Session Four, 21 September mmix
Readings:
- Horace (65 BC-08 AD), Introduction, pp. 121-124; Ars Poetica, pp. 124-135, in The Norton Anthology of Theory and Criticism.
- Quintilian (ca. 30/35––ca. 100 AD), Introduction, pp. 155-157; from Institutio Oratoria, pp. 157-171, in The Norton Anthology of Theory and Criticism.
Some preliminary questions: 1) What alibi does Horace’s Ars Poetica rest on, and how did Quintilian give it cover? 2) Dulce et utile, or what does Horace learn from Aristotle about natural organics, and how does he edulcorate their artificial flavor? Why? 3) Parturient montes…, or how could a Muse turn into a mouse? 4) Iambus vs. troche, or why does the first make for “technical perfection” and the latter stumbles into squalor? And how does a spondee soar? And, heavens, what would Plato say of such libation highs? 5) Ut pictura poesis, or by what light might/could poetry be read? 6) How does Quintilian assuage the Aristotelian paradox of ethical instruction for the orator’s art of persuasion, otherwise called rhetoric? 7) How does Quintilian differentiate between a trope and a figure? 8) When is irony a trope and when is it a figure, or is it just dissimulation? 9) When does a metaphor morph into an allegory? 10) How does virtue equate with eloquence and what happens to Plato in the process?
Session Five, 28 September mmix
Readings:
- Longinus (1st century AD), Introduction, pp. 135-137; from On Sublimity, pp. 138-154, in The Norton Anthology of Theory and Criticism.

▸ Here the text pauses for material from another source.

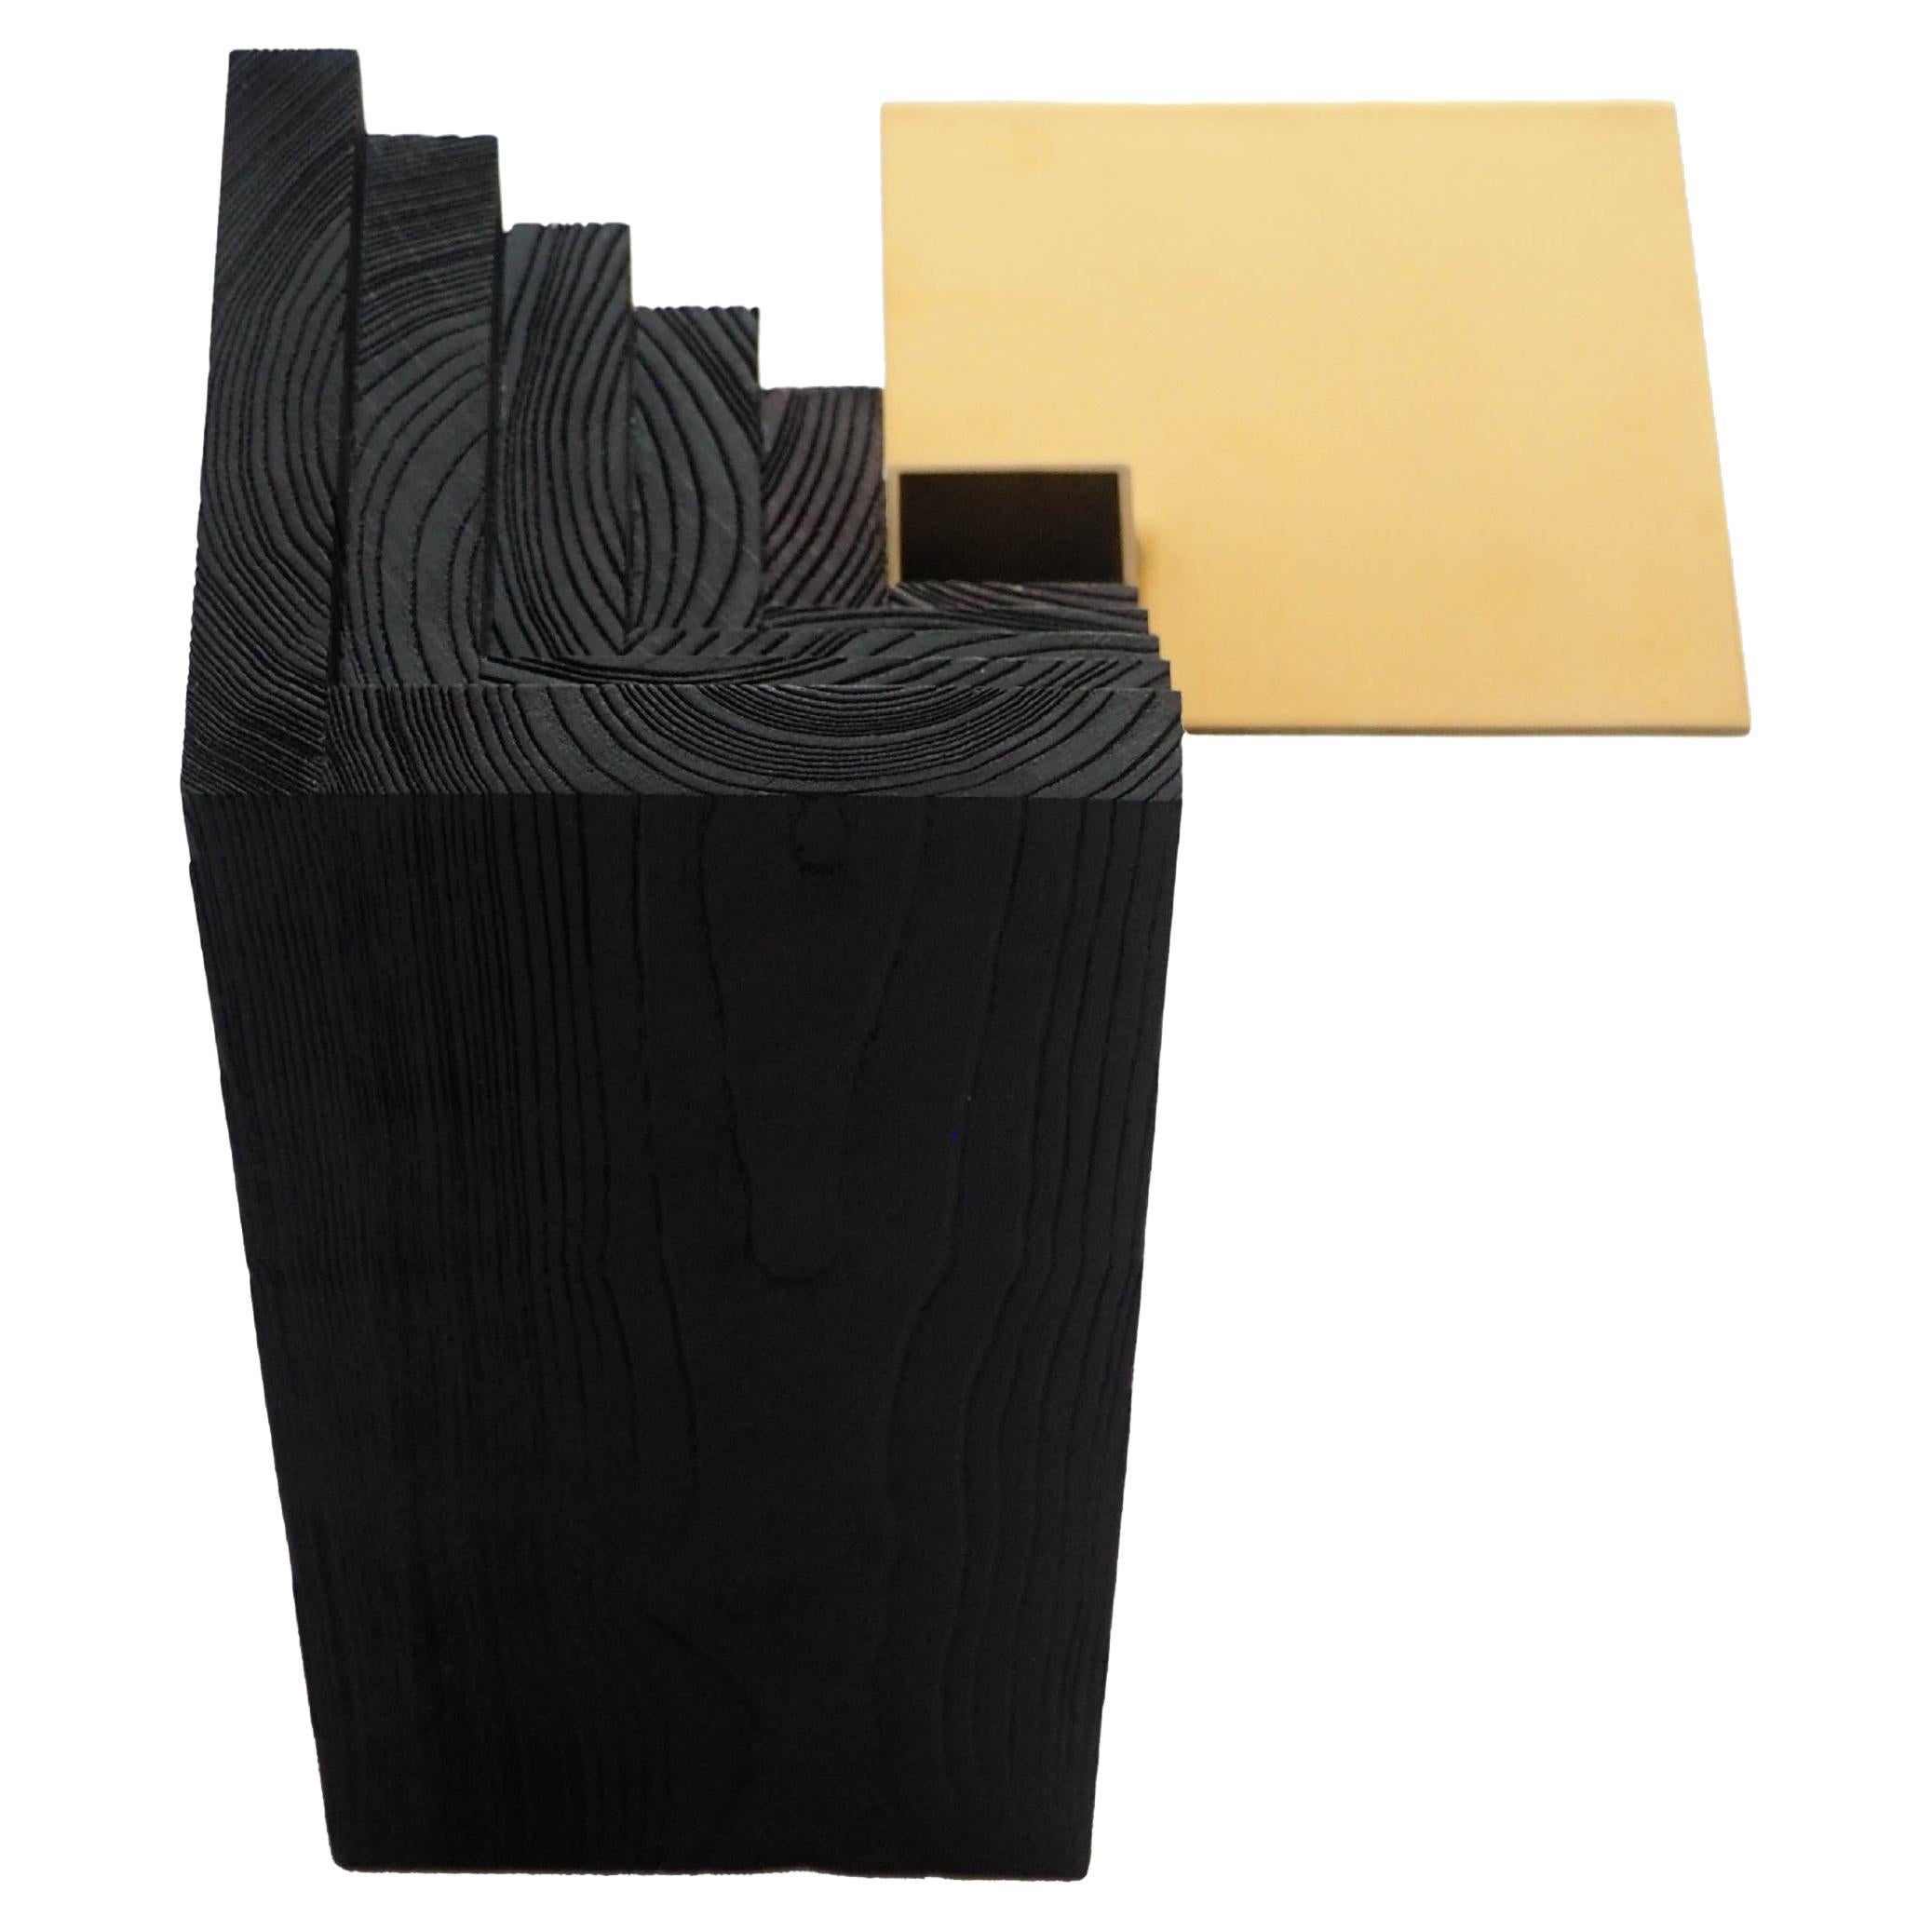 Packaging size and kg: 32cm x 32cm x 42 cm, approx. 8kg

A contrasting structure of solids and voids, an optical illusion that makes you lose sense of what stands further. In plan the wood and the mirrored brass surface form two identical squares

- Lu Chi (261-303 AD), “Essay on Literature [Wen Fu]” at: http://www.humanistictexts.org/luchi.htm
Some preliminary questions: 1) Soaring highs, again, or what happens to the “mad poet” in Plato, in Horace, and, now, in Longinus? 2) How does Longinus co-opt Plato and what would the latter think of it? 3) Must one be persuaded in order to be ecstatic, or does sublimity leapfrog eloquence and emotion? 4) Phantasia, or where does the image leave the imagination? 5) Conjuratio…, or how does Horace’s and Quintilian’s designing artificer become genial (and genuine!) sublime? 6) Hyperbaton…, what sort of baton is that and where does it march the reader? 7) How do Lu Chi’s and Longinus’ comments on precursors, on knowing and doing, on words and ineffability resonate with each other? 8) How does the scale of Lu Chi’s poetic horizon compare to Longinus’s economy of poetic extension? 9) How does Lu Chi construe inspiration, language, form, and composition for poetic effect? 10) What are the perils of such artistry in Longinus and in Lu Chi?